2.3.10. Sistem Hukum
Seperti kebanyakan kampung adat
lainnya, masyarakat Sanaga juga memiliki aturan hukum sendiri yang tak
tertulis namun masyarakat sangat patuh akan keberadaan aturan tersebut. Kampung
Naga memang memiliki Larangan namun tidak memiliki banyak aturan. Prinsip yang
mereka anut adalah Larangan, Wasiat dan Akibat.
Sistem hukum di kampung Naga hanya
berlandaskan kepada kata pamali, yakni sesuatu ketentuan yang telah di tentukan
oleh nenek moyang Kampung Naga yang tidak boleh di langgar. Sanksi untuk
pelanggaran yang dilakukan tidaklah jelas, mungkin hanyalah berupa teguran,
karena masyarakat Sanaga memegang prinsip bahwa siapa yang melakukan
pelanggaran maka dia sendiri yang akan menerima akibatnya.
Tabu, pantangan atau pamali bagi
masyarakat Kampung Naga masih dilaksanakan dengan patuh khususnya dalam
kehidupan sehari-hari, terutama yang berkenaan dengan aktivitas
kehidupannya.pantangan atau pamali merupakan ketentuan hukum yang tidak
tertulis yang mereka junjung tinggi dan dipatuhi oleh setiap orang. Misalnya
tata cara membangun dan bentuk rumah, letak, arah rumah,pakaian upacara,
kesenian, dan sebagainya.
Bab III
PENUTUP
3.1.
Kesimpulan
Kampung Naga merupakan perkampungan
tradisional dengan luas areal kurang lebih 1,5 ha. Kampung Naga secara
administratif berada di wilayah Desa Neglasari, Kecamatan Salawu, Kabupaten
Tasikmalaya, Propinsi Jawa Barat. Kampung ini berada di lembah yang subur,
dengan batas wilayah, di sebelah Barat Kampung Naga dibatasi oleh hutan keramat
karena di dalam hutan tersebut terdapat makam leluhur masyarakat Kampung Naga.

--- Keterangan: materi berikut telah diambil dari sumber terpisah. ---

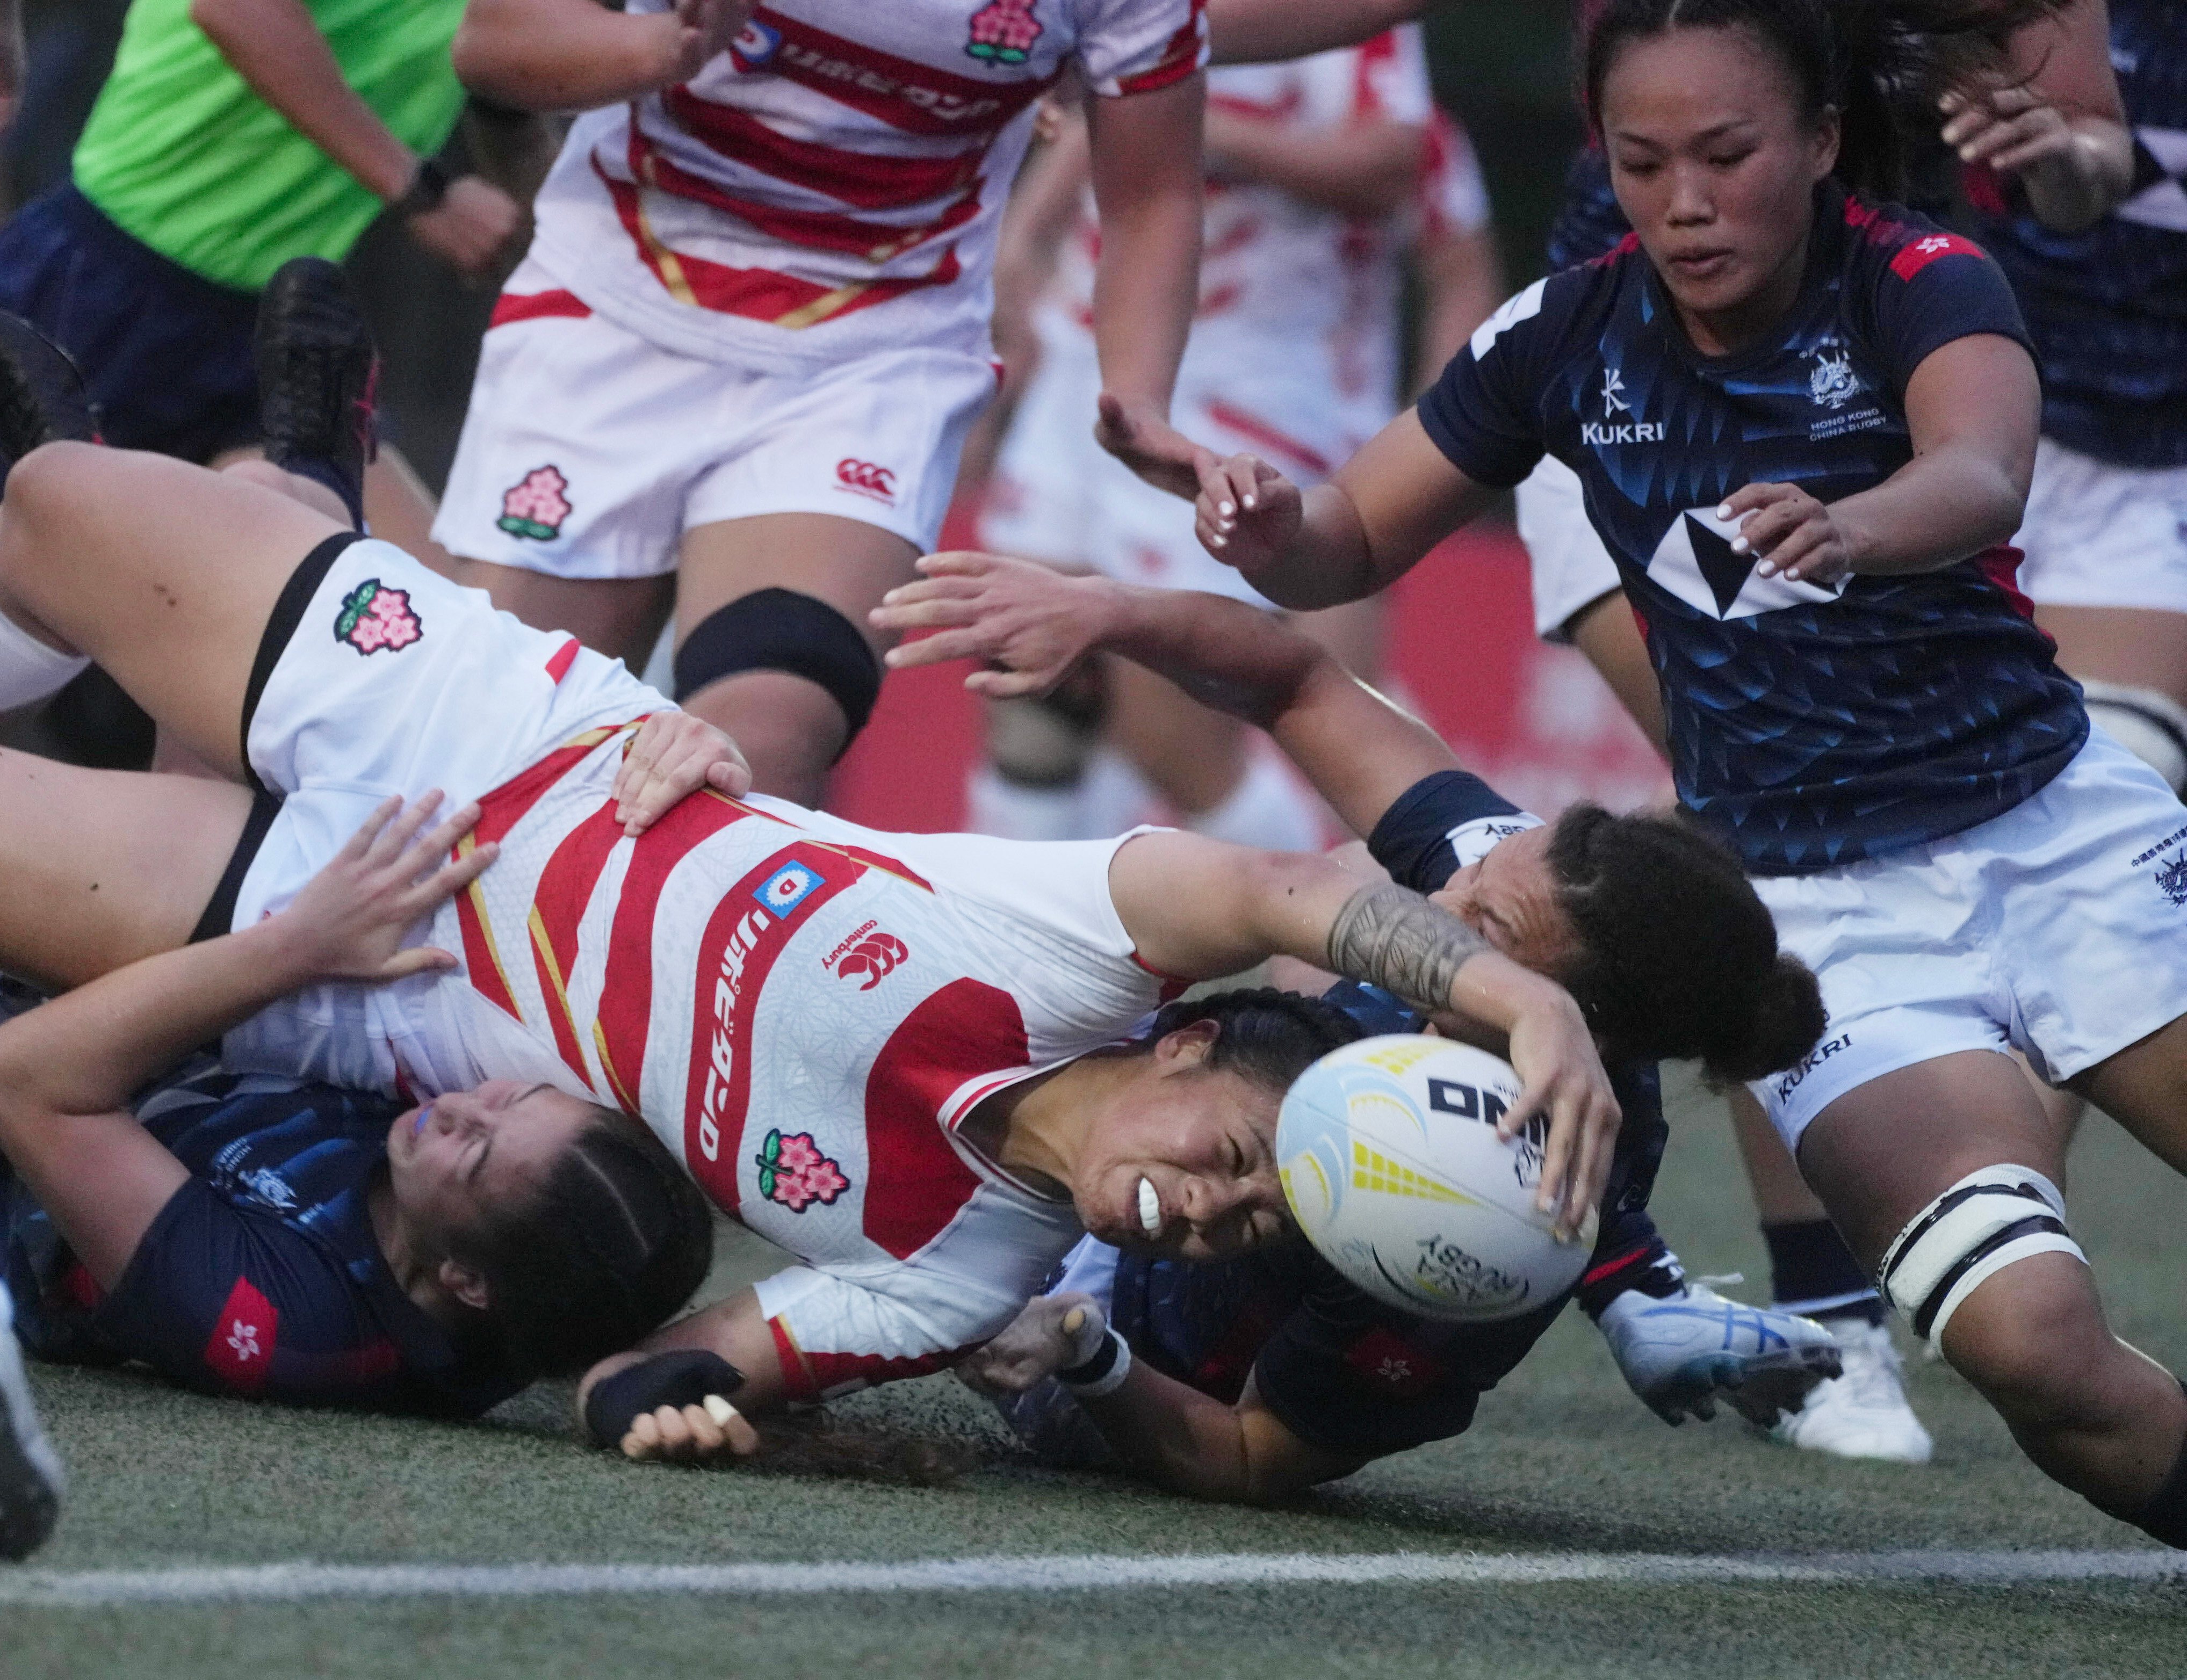 Rugby Sevens - A Thrilling Spectacle of 2025

Di sebelah selatan dibatasi oleh sawah-sawah penduduk, dan disebelah utara dan
timur dibatasi oleh sungai Ciwulan.
Di luar itu semua, Kampung Naga
pasti akan menyuguhkan nuansa lain dari Wisata Budaya manapun. keberadaan
kampung Naga ibarat oase pada jaman yang semakin memiskinkan nilai-nilai.

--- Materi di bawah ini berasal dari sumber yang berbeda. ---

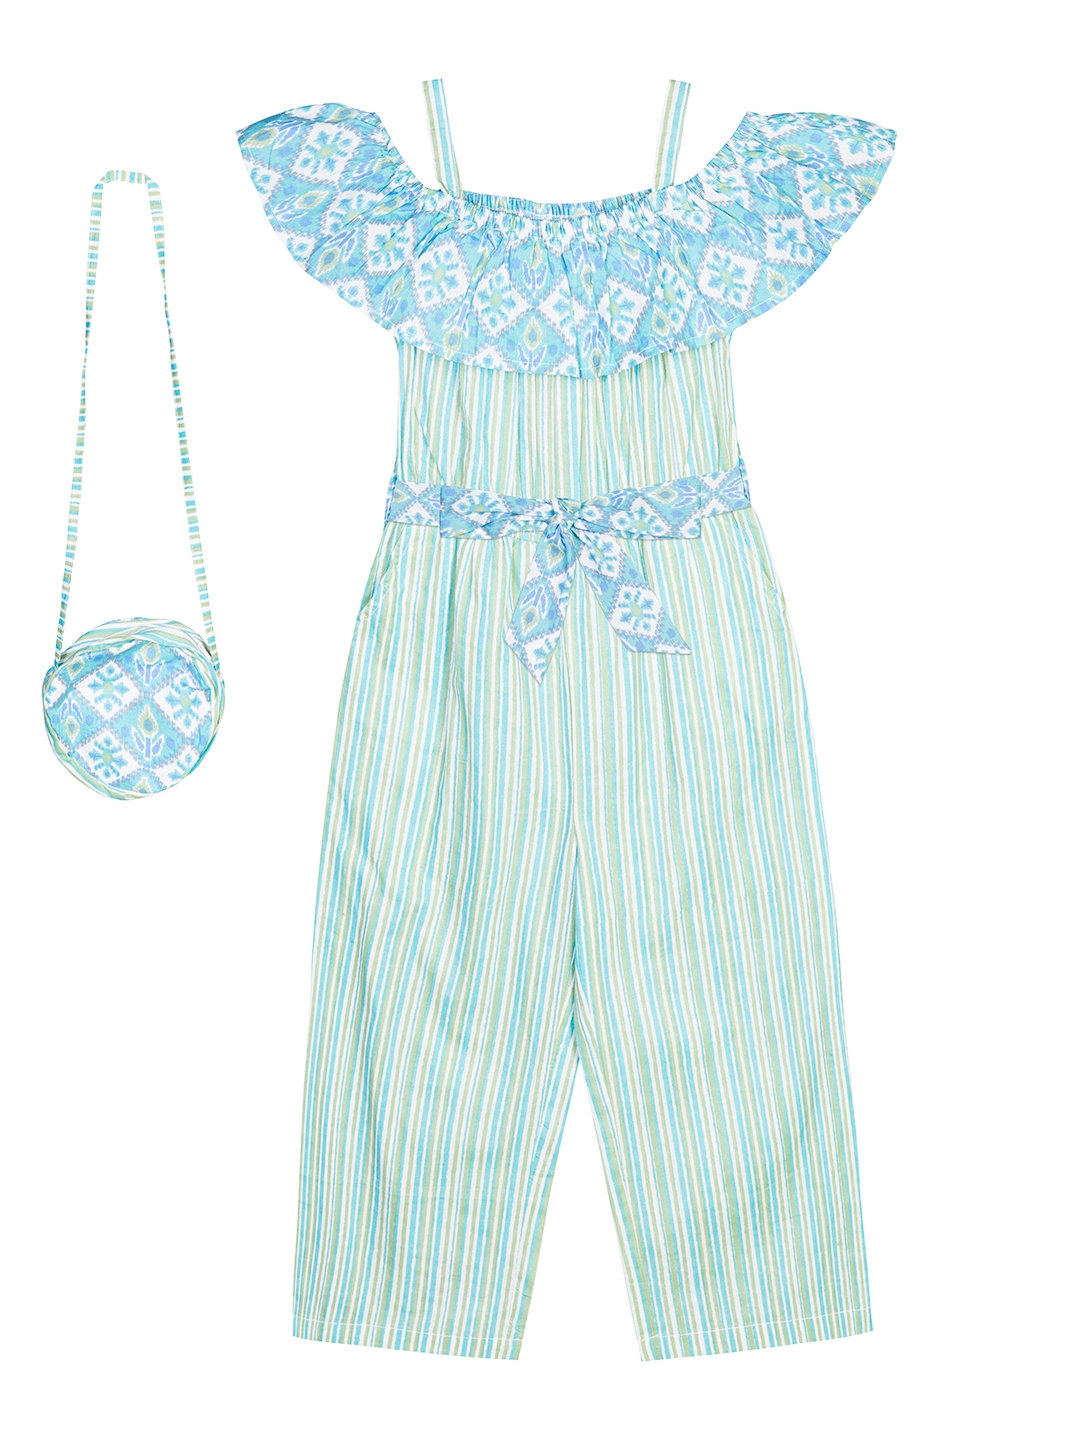 Budding Bees | Budding Bees Girls Blue Striped Dress With Matching Hand Bag 1

Kampung Naga sampai saat ini merupakan benteng bagi nilai-nilai tradisi dan
kearifan budaya masyarakatnya.
Arus modernisasi tidak bisa
dihindari, cepat atau lambat pasti mempunyai pengaruh dan menimbulkan berbagai
perubahan kehidupan sosial, tidak terkecuali di pelosok desa terpencil
sekalipun dan kampung naga juga yang dulunya tidak pernah tersentuh arus
modernisasi sekarang sudah terlihat adanya arus modernisasi mulai tumbuh di
berbagai bidang di kehidupan masyarakat kampung naga yaitu bidang mata
pencaharian, bidang pendidikan, bidang teknologi, bidang kesenian, bidang
bahasa, dan bidang perilaku, pakaian dan alat keseharian. Bahkan yang paling menonjol
adalah Saat ini,kehidupan masyarakat Kampung Naga sudah sangat dekat dengan
kehidupan moderen. Buktinya, ketika memasuki kawasan Kampung Naga, kita bisa
melihat beberapa antene TV menjulang tinggi. Beberapa rumah sudah memiliki TV,
dan radio serta telepon genggam.
3.2.
Saran
Kampung Naga tentunya telah berusaha
keras untuk mempertahankan tradisi adat istiadatnya di tengah arus globalisasi
dan mereka telah membuktikan bahwa dirinya mampu. Sekarang adalah kita untuk
turut serta melestarikan kebudayaan mereka dan kebudayaan Nusantara lainnya
dengan memperkenalkannya kepada generasi – generasi secara turun temurun karena
kebudayaan – kebudayaan inilah yang telah memperkaya khasanah budaya Indonesia.